[Task directions]:
Would you please restate the data exactly as it stands, apart from the pictures?

[Input data]:

**********

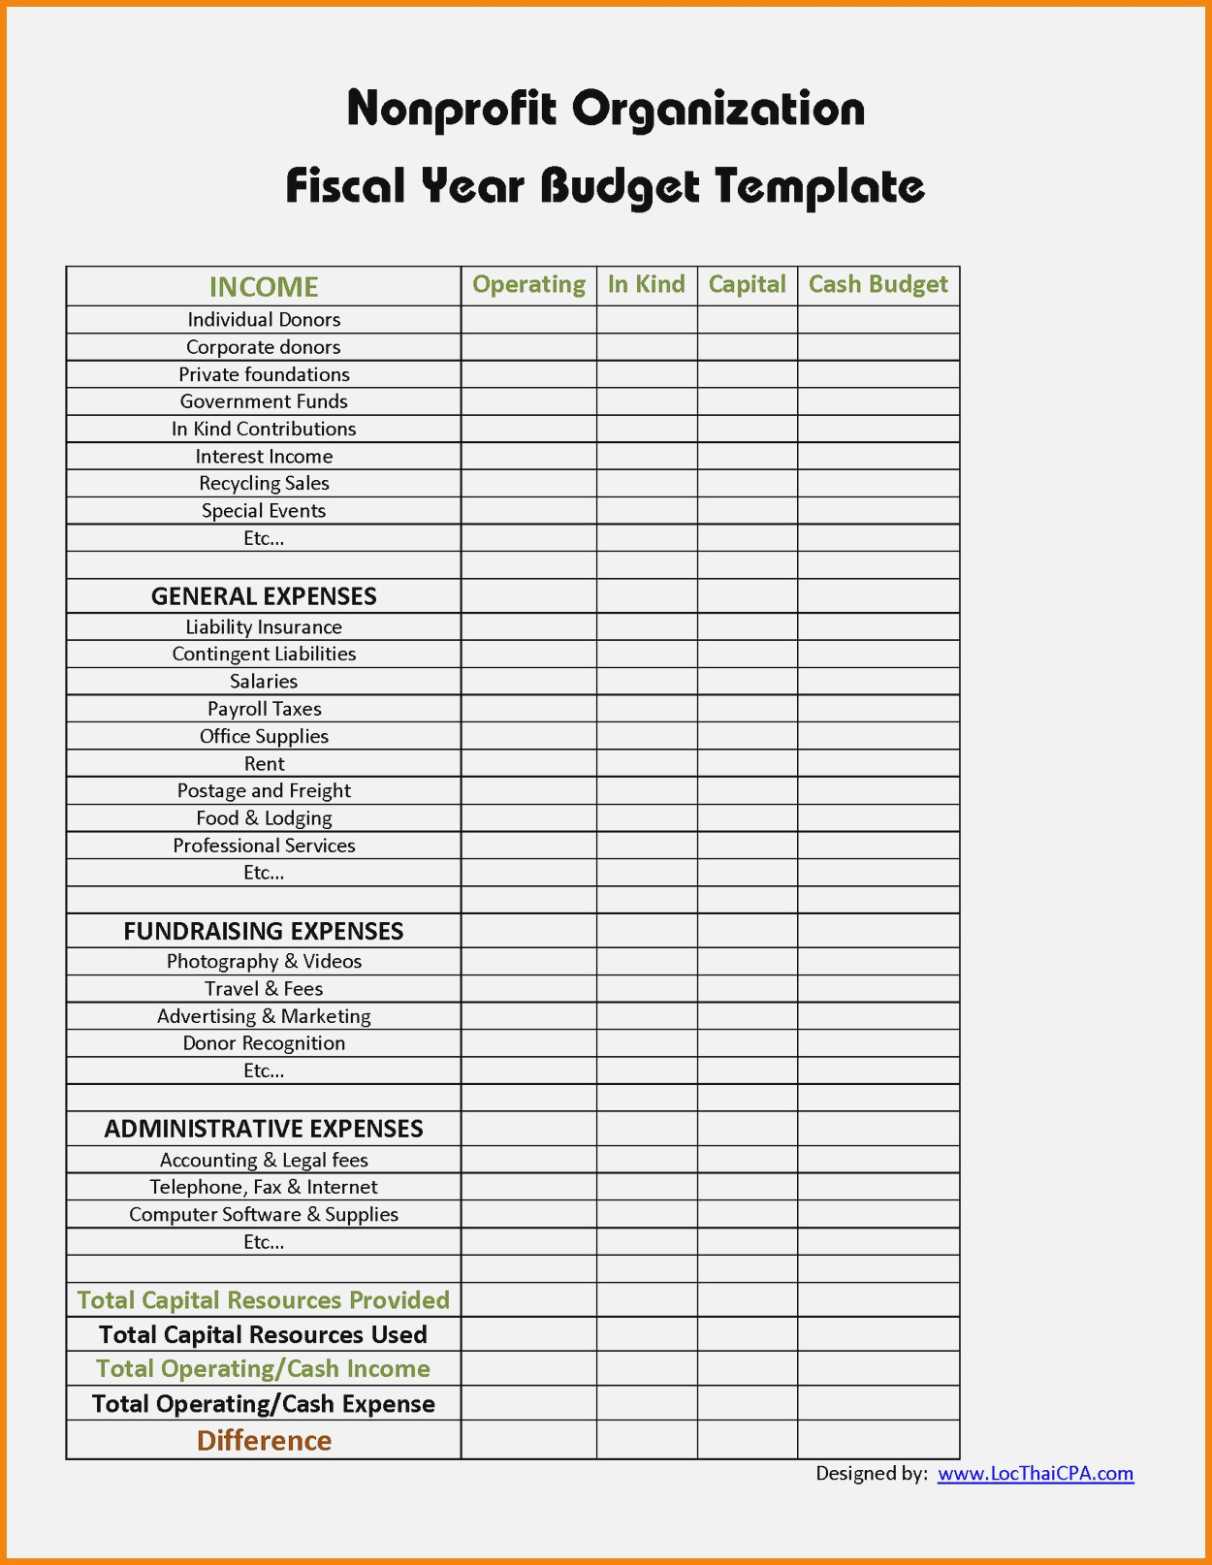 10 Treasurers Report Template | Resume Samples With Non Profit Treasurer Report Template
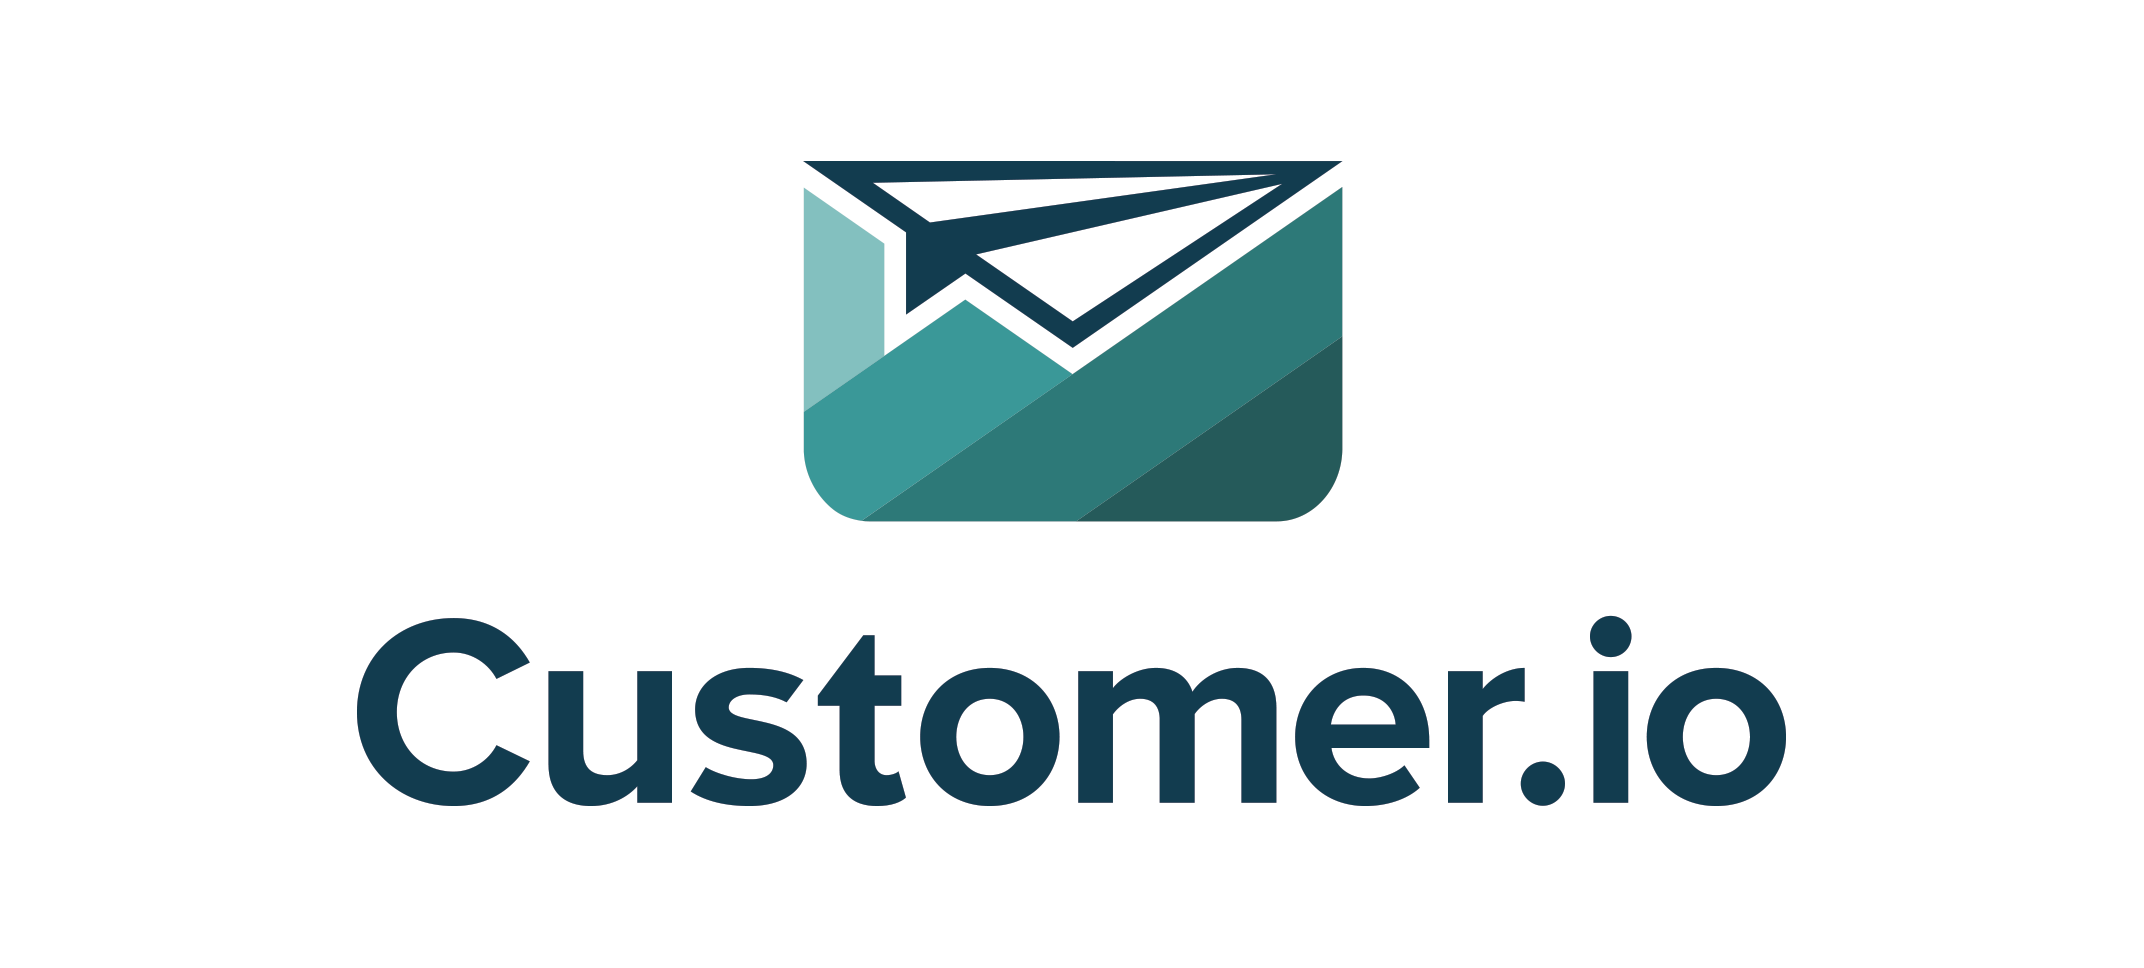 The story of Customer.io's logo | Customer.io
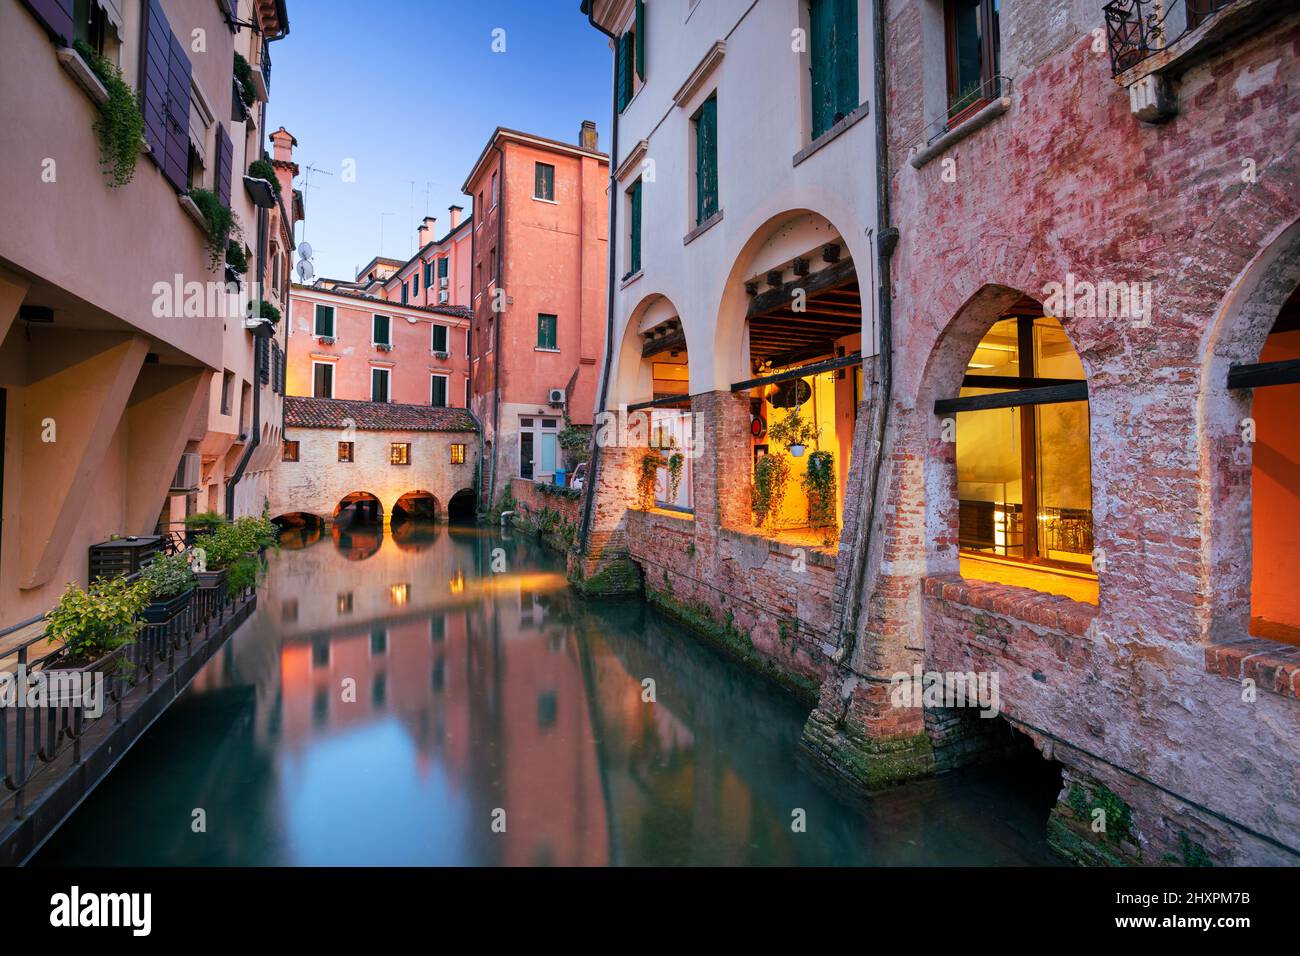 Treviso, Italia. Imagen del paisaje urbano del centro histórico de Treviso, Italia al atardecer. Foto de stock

**********

[Task response]:
 10 Treasurers Report Template | Resume Samples With Non Profit Treasurer Report Template
 The story of Customer.io's logo | Customer.io
 Treviso, Italia. Imagen del paisaje urbano del centro histórico de Treviso, Italia al atardecer. Foto de stock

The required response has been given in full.